Not everybody was that lucky. Or qualified. Out of about 200 candidates, who arrived in the morning, 61% could leave the vendangeoir of Veuve Clicquot in Bisseuil with the knowledge that they made it all the way to the certificate.

This is only one step or maybe two above that of unskilled labour, but it is a piece of paper, that can get you a job in this region. And a job, that is better payed than work in a factory as well. As late as in this week the demand and the continued expected demand of labourers in the vineyards were mentioned in one of the magazines of the business.

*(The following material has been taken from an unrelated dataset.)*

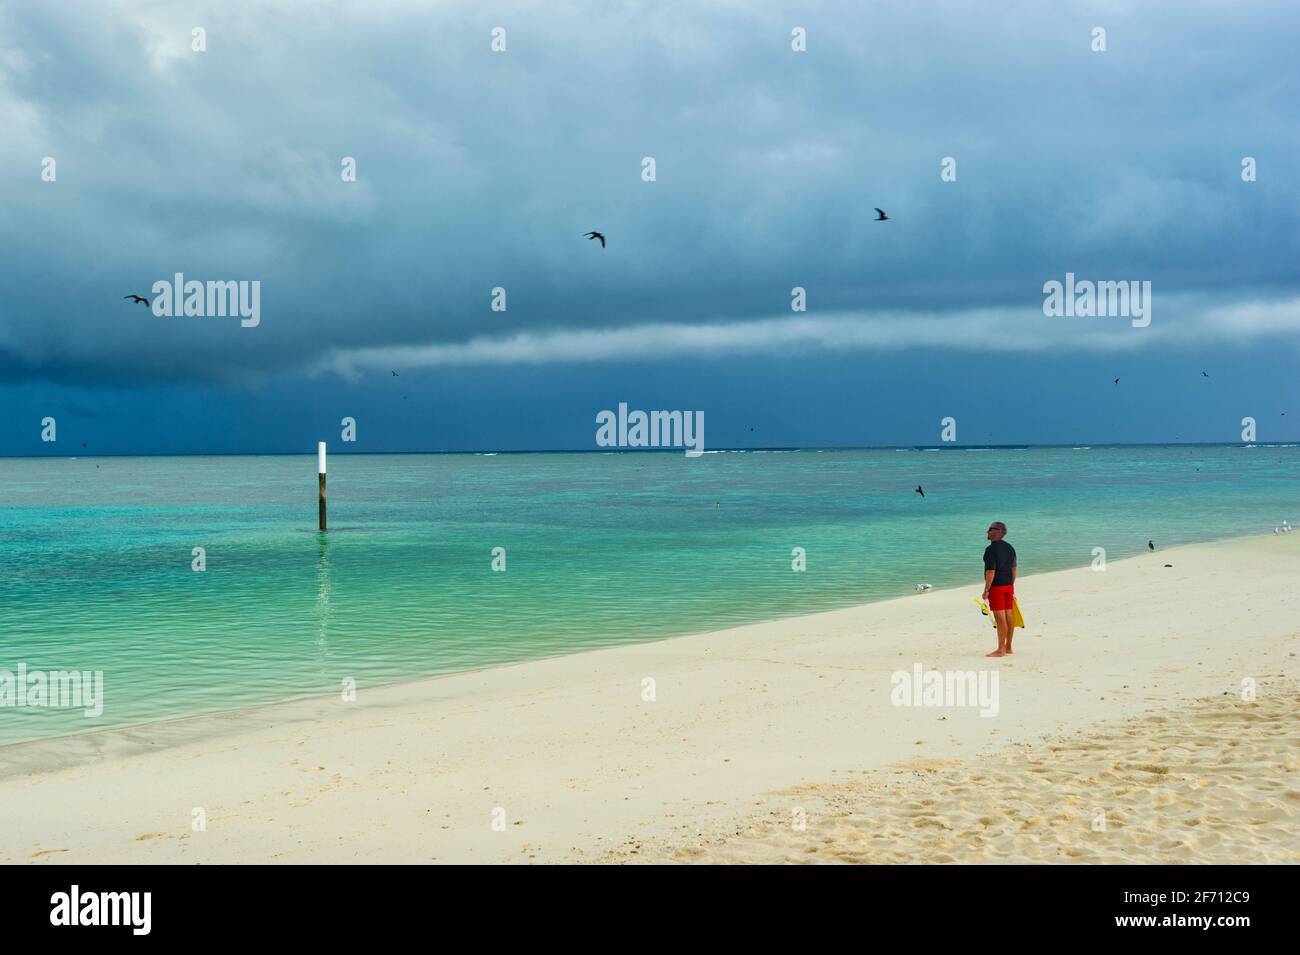 Tourist standing on the beach watching stormy skies over the Coral Sea at Heron Island, Southern Great Barrier Reef, Queensland, QLD, Australia Stock Photo

Now, I am not excactly on my way out into the rows of the neighbours with my secateur. But I could and anyway I expect to work in our vineyards next winter. So far we have had 180 hours of pruning and 80 hours of attaching, but with the extra half a hectare we expect to get next autumn, the amount of work will almost double.

They sent a lady
Friday morning in Bisseuil. A couple of hundred people are queing up outside the dining hall at one of the harvesthouses of the Veuve Clicquot. When it comes to style, this is rather far away from the ordinary yellowish-orange elegance of the great brand. This is rather basic: Concrete and wooden tables with benches and no hullabaloo whatsoever. Not even a single commercial poster to decorate the two walls without windows.

Anyway, everybody seems to concentrate on their tables: You have to find the one with a number that corresponds with the piece of paper given to you during the course. A piece of paper that also works as admittance today. So I steer for number 20.

And this is where we all wait, until everybody has shown their id's at the secretary's desk at the very entrance of the room. Only then the members of the juries enter the room and head for their tables. Until now they have been waiting next door packed like sardines in a tin. Once again we show our papers, to make sure everybody has placed themselves at the right table.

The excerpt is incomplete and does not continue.